Батхорн дернулся и выпучил глаза.

— Нет никакой магии, ни белой, ни черной! — проревел он, словно ставший на задние лапы медведь, бессмысленный, смешной и тощий. — Все, что вы видите сейчас вокруг себя, и в чем принимаете участие — людское невежество, жестокость да несколько жуликов! Много, много невежества!

— Боюсь, вы ошибаетесь, мистер, — вежливо сказал мужчина в черном костюме. — Здесь нет никакого невежества, лишь точный расчет. Да, точный научный расчет.

— Твой друг? — прошептала Алика. — Там, на кресте.

— Нет… Думаю, нет. Жаль, что эти парни считают иначе.

— Сволочи!

— Не могу спорить. Но во всяком случае, теперь ясно, почему их нужно остановить. Осталось понять — как.

— Есть мысли?

— Постоянно. Но это подождет.

Выстрел ворвался диссонансом в остальные звуки на площади — потрескивание пламени, вопли Батхорна, смешки «великолепной семерки», дыхание жаркого ветра. Он был один, отрывистый, резкий и громкий, и в каком-то смысле решающий. Скользкий Бат дернулся, уронил голову на пробитую грудь и замер. Пламя — уже на уровне колен — на секунду тревожно замерло, но потом обрадовано рванулось вверх.
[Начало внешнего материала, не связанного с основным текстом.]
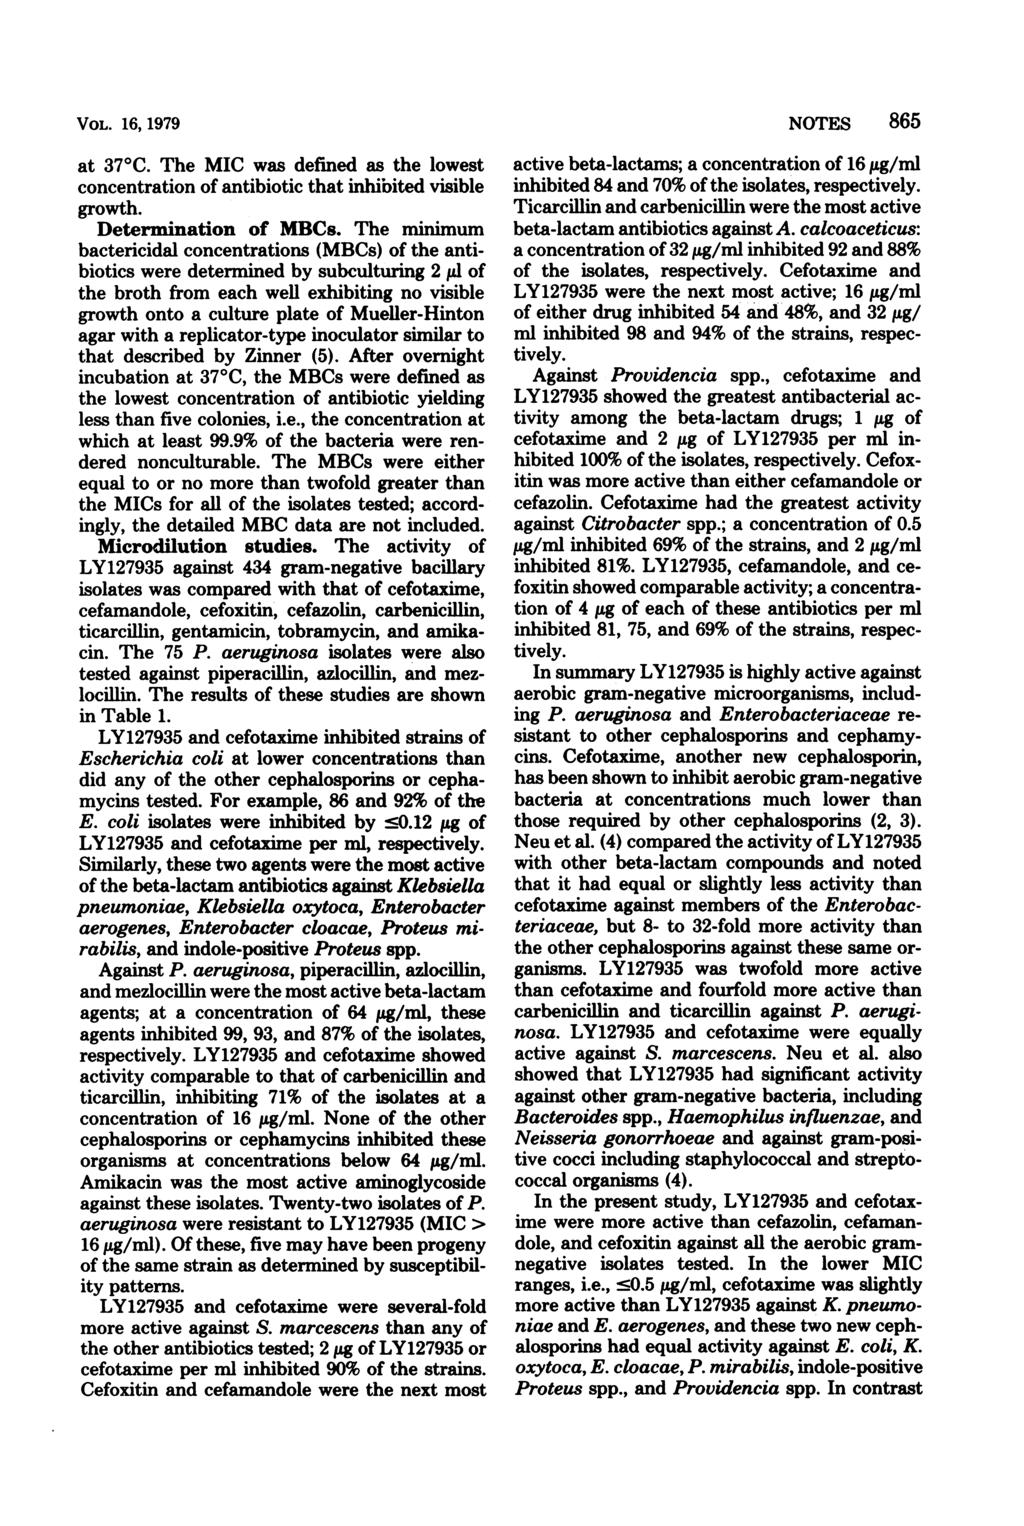 VOL., 1979 at 370C. The MIC was defined as the lowest concentration of antibiotic that inhibited visible growth. Determination of MBCs.
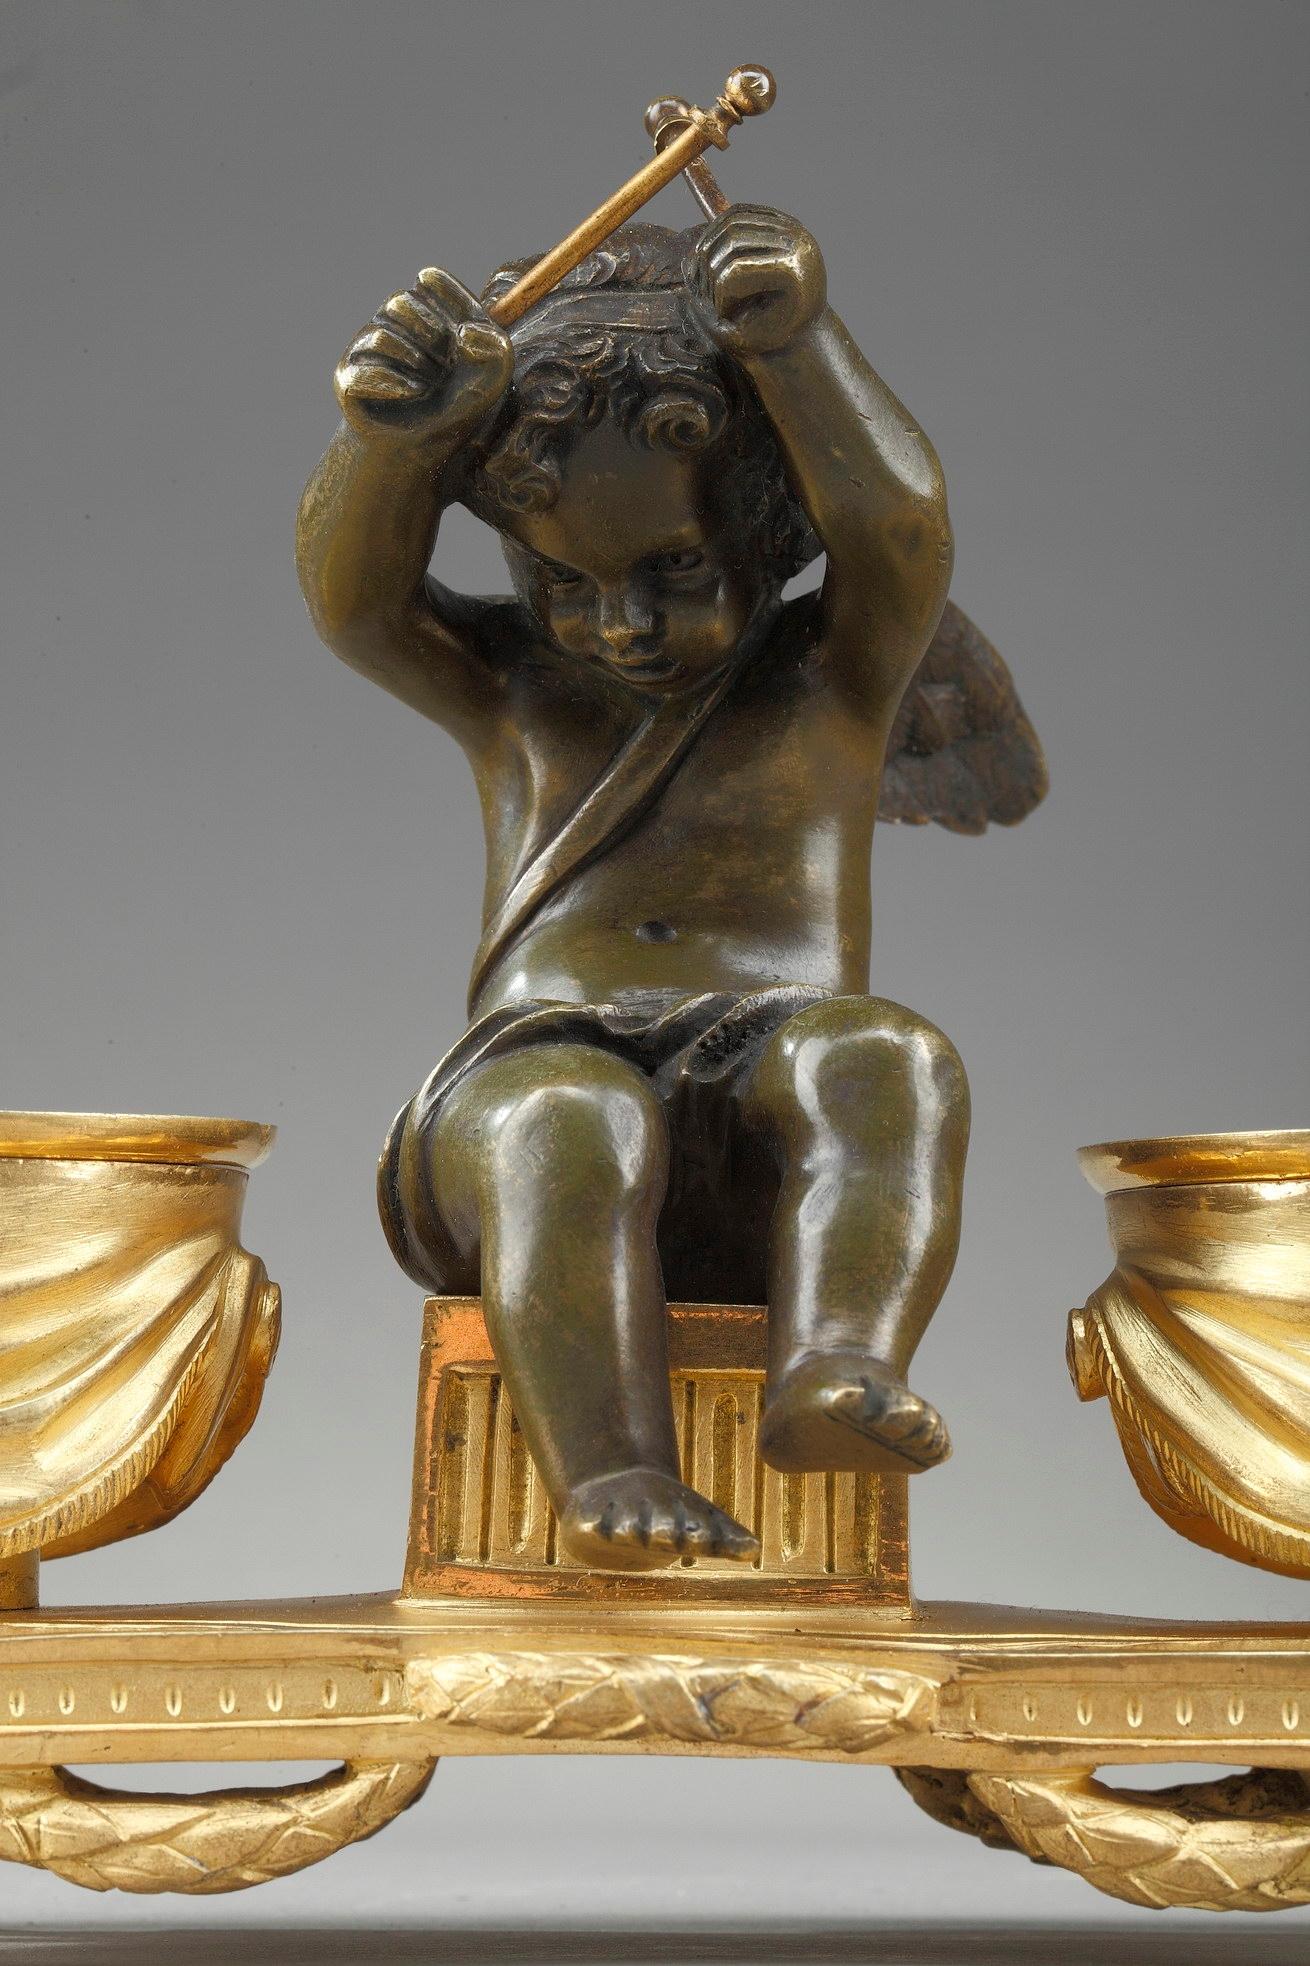 Crafted of gilt and patinated bronze, this small Louis XVI-style inkwell features a winged Cupid playing timbales. He is sitting on a stool, flanked by the two timbales decorated with draperies, hiding the inkwells. The putto is resting on an oval

Семерка боевиков оскалилась стволами в окутанное дымом наружное ничто. Я потерял элемент внезапности.

— Он рядом! — громко сказала Изабелла. Бледное лицо поворачивалось в разные стороны. — Я чувствую, он совсем рядом! Но что-то не так…

Но я почти не следил за происходящим. В груди ворочалось тупое горячее жжение, впиваясь клыками в живое пульсирующее мясо, раздирая длинными ядовитыми щупальцами внутренние органы, сжигая потоком химического пламени в черные обугленные головешки все, чем я был, что представлял и чего хотел, и оно двигалось все выше и выше, обращая кровь в пар, мышцы в отварное мясо, а мозг…

— Лейтенант! — я ощутил касание прохладных пальцев сперва на плече, потом на лбу. Алика была здесь. Конечно, Алика. Умная, расчетливая, смешливая грешница Алика. Я все еще оставался ее лучшим шансом. — Лейтенант, что с тобой?

— Мистер Ленарт! — насмешливо, но четко сказал человек в костюме. Я узнал его, хотя и не сразу, он все-таки больше ассоциировался с белым халатом. Доктор Химмель. — Вижу, реабилитация продвигается весьма успешно, по правде говоря, вы показываете замечательные результаты! Но все же попросил бы прекратить эту игру в ковбоев и индейцев и проследовать с нами. Вас ждет Сан-Квентин. Выйдите на свет!

Он не должен быть здесь, он не принадлежит этому месту. Как он вообще здесь очутился?

— Серьезные отклонения в анимаграмме пациента, — сказала Изабелла. Ее красивое лицо было сейчас озабоченным и совсем чужим. — Восстановление идет с опережением графика. И ускоряется… прямо сейчас.

Доктор возвысил голос.

— Сейчас вы выйдете из своей засады, мистер Ленарт, и подойдете ко мне! Бояться нечего!

Императивная речь, вот как это называлось. Приказ, которого нельзя ослушаться. Я понял, что против своей воли распрямляюсь и встаю, и что мышцы мне больше не подчиняются. Ну, почти не подчиняются.

— Не плачь по мне Жозефина, — успел сказать я, покидая наше убежище. — И не высовывайся.

— Я не умею плакать, Лейтенант, — сказала она грустно.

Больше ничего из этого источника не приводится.